Meski pada dasarnya umat muslim disunnahkan untuk menggunakan pakaian baru, tetapi secara hakikat, bukan itu makna sesungguhnya dari Hari Raya Idul Fitri. Lebih dari itu, Idul Fitri dimaknai sebagai bentuk refleksi diri, bentuk rasa syukur, kegembiraan, bentuk solidaritas terhadap sesama, bentuk partisipasi terhadap sesama. Ketika orang melakukan semua itu sesungguhnya itu sebuah ungkapan kerendahan hati, ungkapan kemenangan seseorang sebagai umat Allah.
Oleh karena itu Idul Fitri adalah kesunyian dan keheningan. Kesunyian menyergap rasa mengepung raga dan nafsu syahwat. Itu sebabnya kesunyian selalu dihindari, khususnya para penikmat kegemerlapan dan keriuhan. Dan sejatinya kesunyian selalu menyembunyikan kesadaran jiwa untuk lebih bisa memaknai bahwa di kesunyian justru kita mampu mendengar tentang gema "kemanusiaan" kita apabila kita sudah menemukannya, dalam hari raya Indul Fitri.
Historisitas Kemanusiaan
Idul Fitri sebagai peristiwa perjumpaan Allah dengan manusia dalam bingkai historisitas kemanusiaan Allah sendiri di wajah sesama manusia sebagai gambaran citra Allah. Dia menyejarah melampaui batas luasnya alam semesta karena keagungan dan kemuliaan manusia harus direhabilitasi karena jarak merenggangkan tali-temali relasi Allah dan manusia tak dapat lagi diukur akibat pemberontakan manusia itu sendiri.

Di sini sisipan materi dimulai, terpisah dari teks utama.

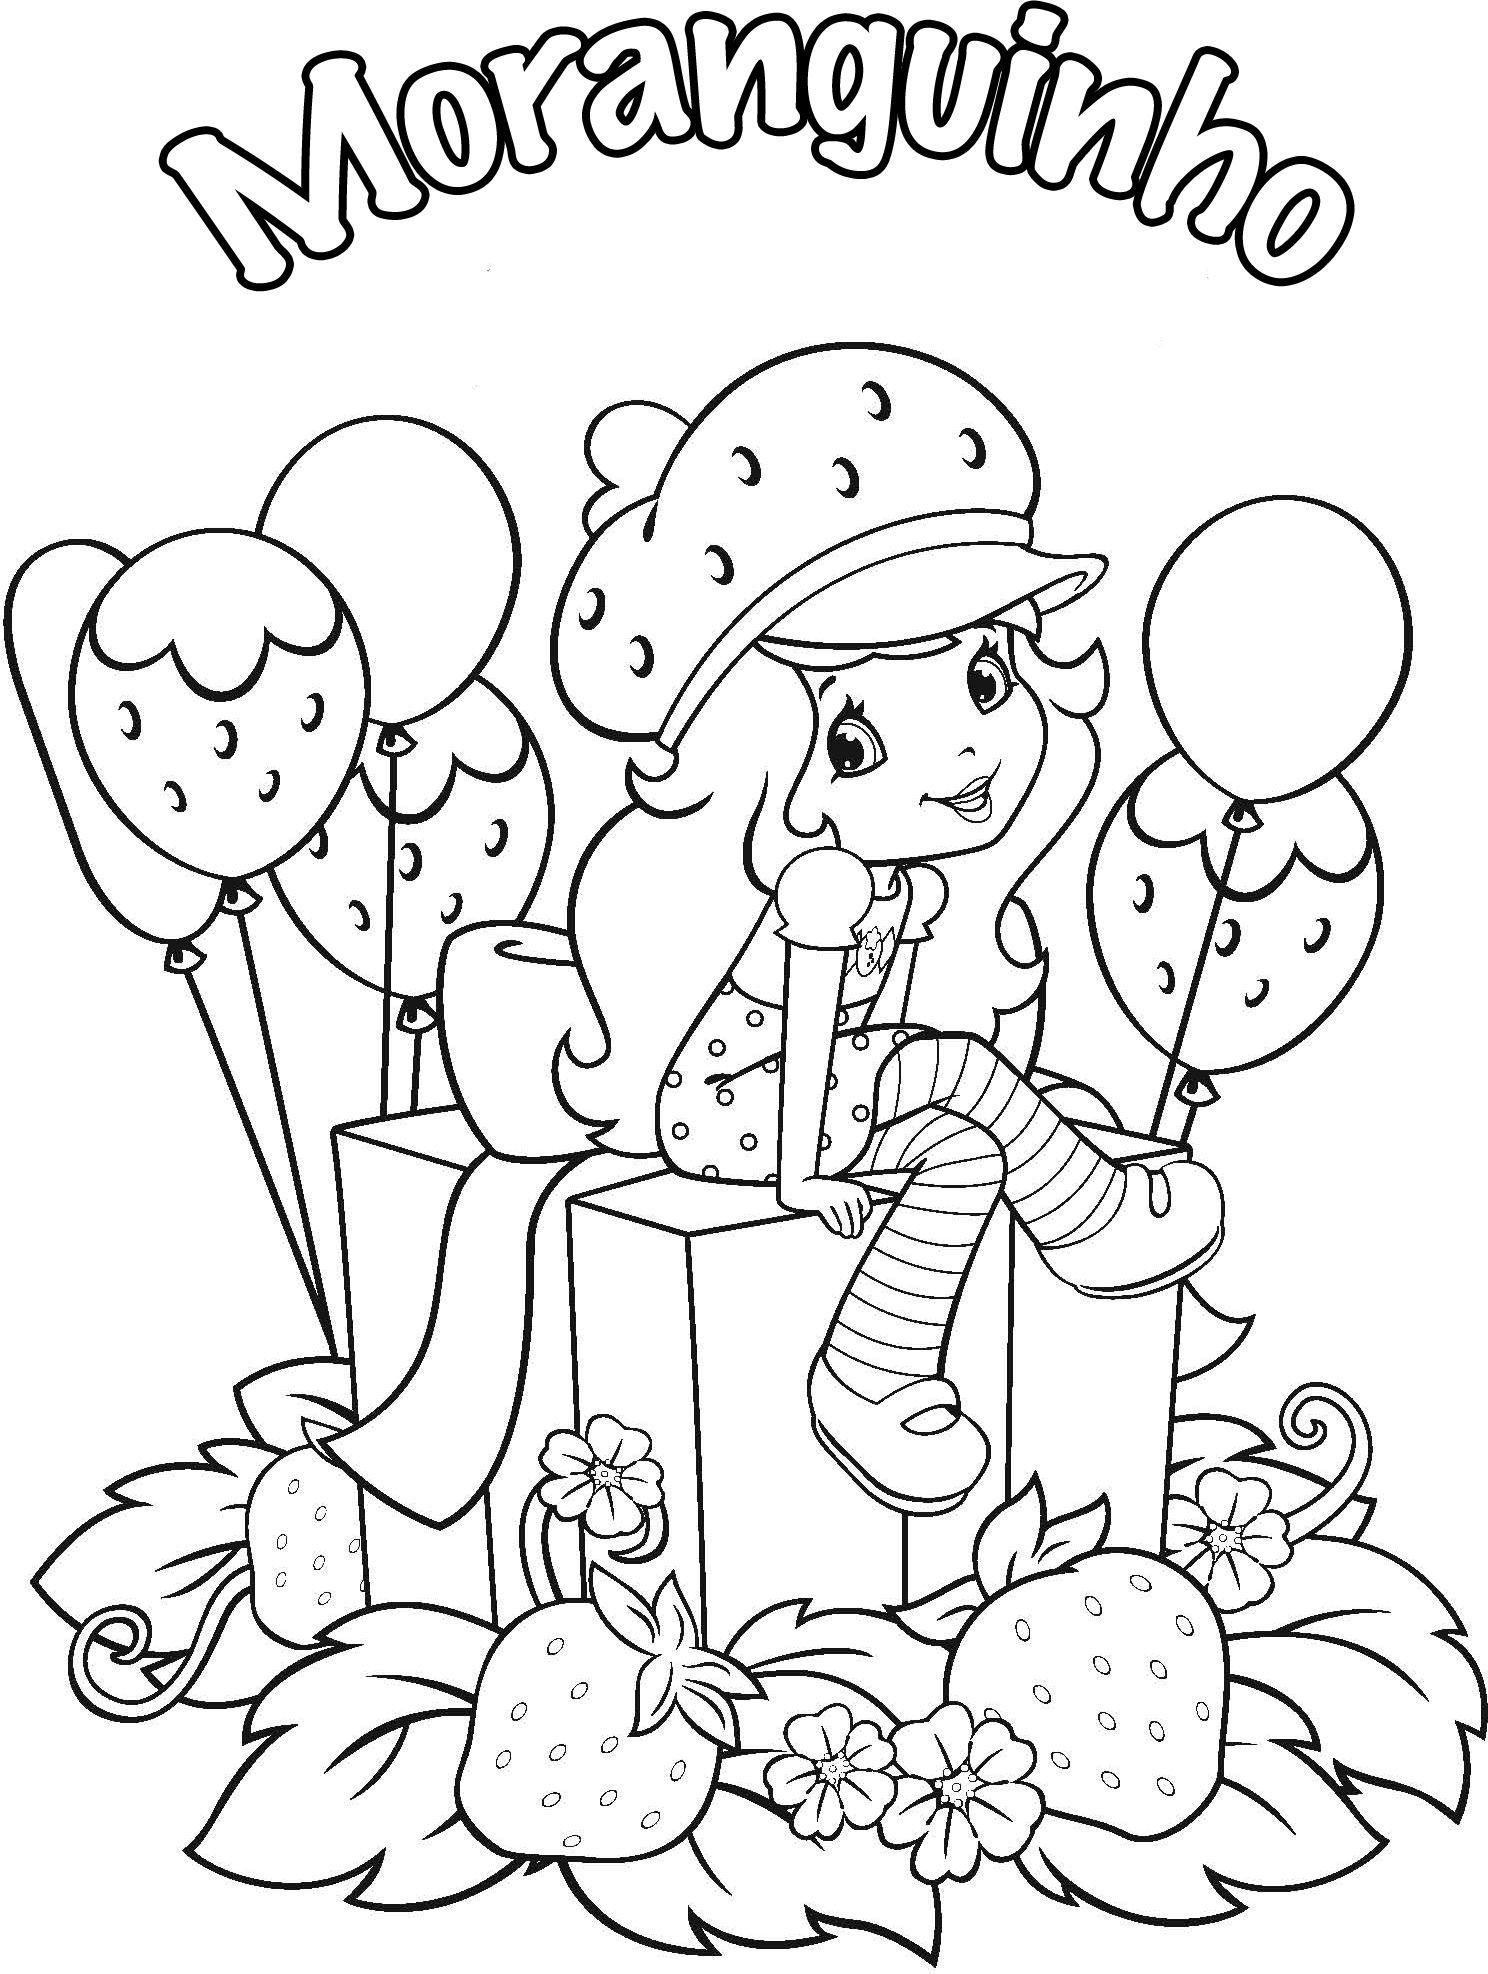 desenho para colorir de meninas - Pesquisa Google

Idul Fitri sebagai peristiwa keabadian Allah-- rekonsiliasi hubungan dengan Allah-- melalui sesama manusia telah diretas sempurna oleh Allah sendiri. Allah hadir dan berada dalam keheningan dan kesunyian senyap yang memayungi keterbatasan logika dan hati kita. Tidak ada yang mendengar, tidak ada yang mendampingi Allah ketika mentaati otoritas yang dirakhmatkan pada dirinya sebagai transendern yang berbahagia karena akan melahirkan manusia yang fitri, yang artinya suci.

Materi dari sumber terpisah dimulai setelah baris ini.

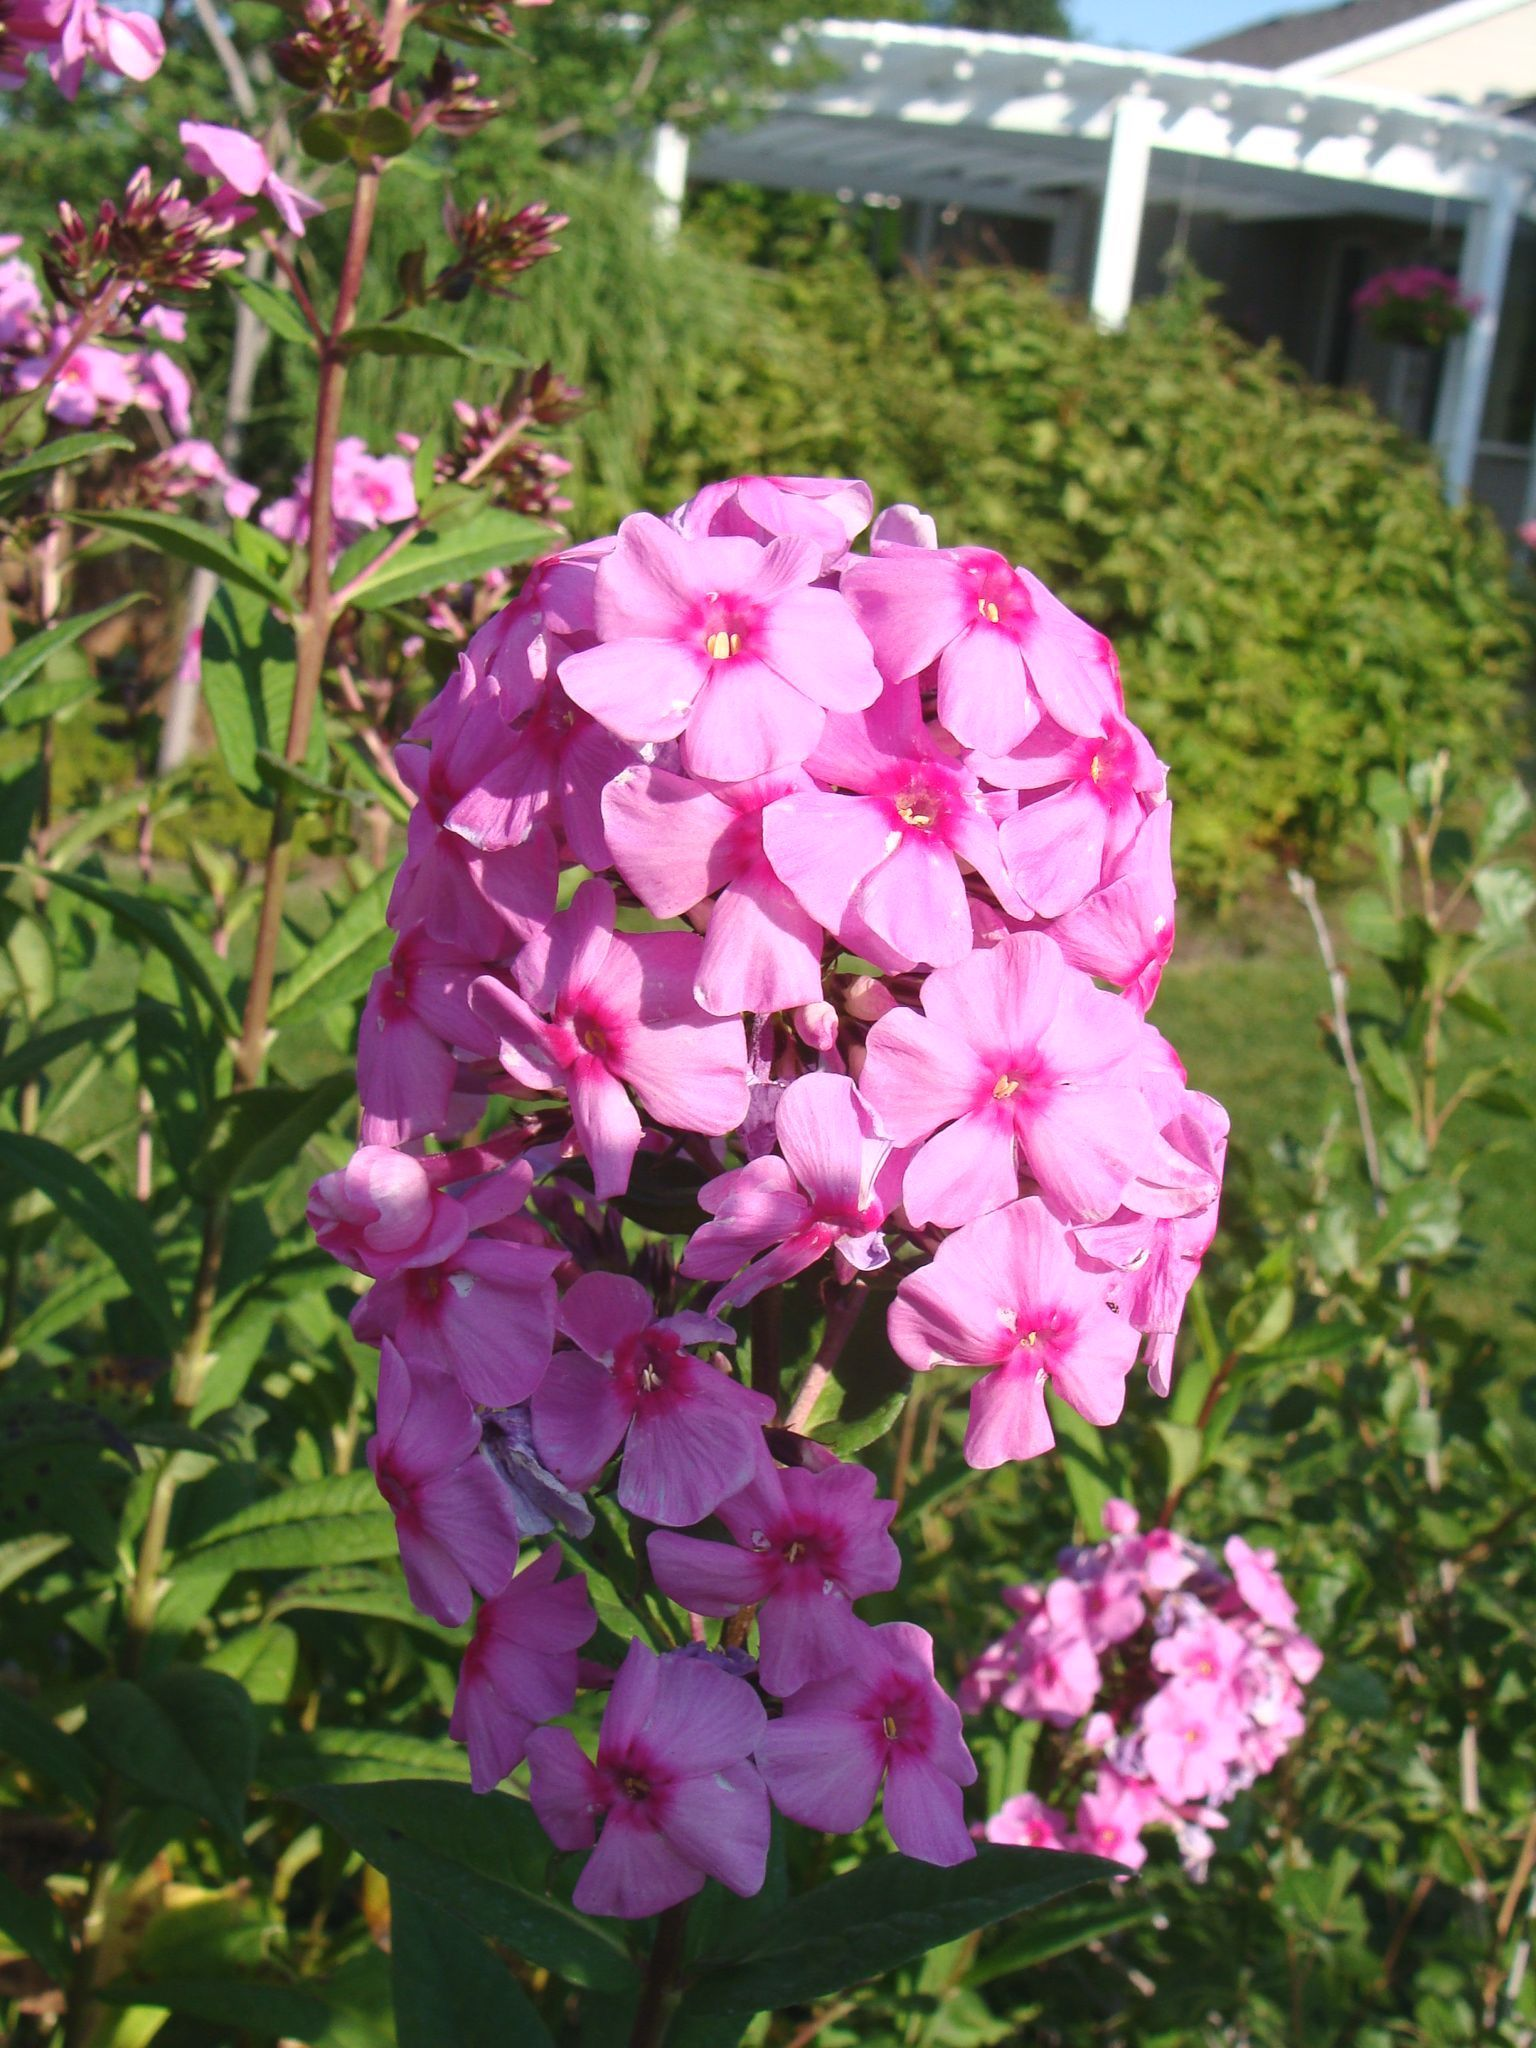 Phlox Good Cut Flower Not The Easiest Flower To Grow In Utah

Idul Fitri tidak saja perayaan kemenangan, tapi ia lebih dari itu, Idul Fitri harus membawa perubahan pola pikir (metanoia) menuju ke arah yang lebih baik serta mewujudkan budaya perjumpaan iman yang mendalam dalam solidaritas kemanusiaan yang baik dan benar-benar bebas dari kegelisahan penjara kapitalisme. Demikian pula Idul Fitri harus menggetarkan (iuvenale), artinya kehadiran kita, sebagai transubstansiasi Idul Fitri di tengah masyarakat tidak saja formasi tapi sungguh membawa transformasi kehidupan yakni, ennoble (memaknai, mengilhami), ennable (memampukan), dan empower (memberdayakan).  Tiga hal tersebut dibingkai dalam spirit Idul Fitri, servant (pelayan), steward (pengurus), dan shepherd (Nabi). Tiga spirit itulah yang selalu didengungkan oleh para Nabi zaman dahulu, yakni menjadi manusia yang agung, seorang yang tidak berhenti berusaha  untuk mempertajamkan kemampuan, pengetahuan, dan wawasannya demi panggilan dalam pelayanan, kepemimpinan, dan kepengurusan, tapi lebih dari itu mempunyai daya ubah.
Sahabat Bagi Sesama
Homo homini socius merupakan ungkapan Bahasa Latin yang digulirkan oleh Nikolaus Driyarkara SJ, seorang filsuf Indonesia. Terjemahan Bahasa Indonesia ungkapan ini adalah "manusia menjadi sahabat bagi sesamanya". Ungkapan tersebut merupakan kebalikan dari "homo homini lupus " - manusia menjadi serigala bagi sesamanya, yang dipopulerkan oleh Thomas Hobbes melalui bukunya "Leviatan".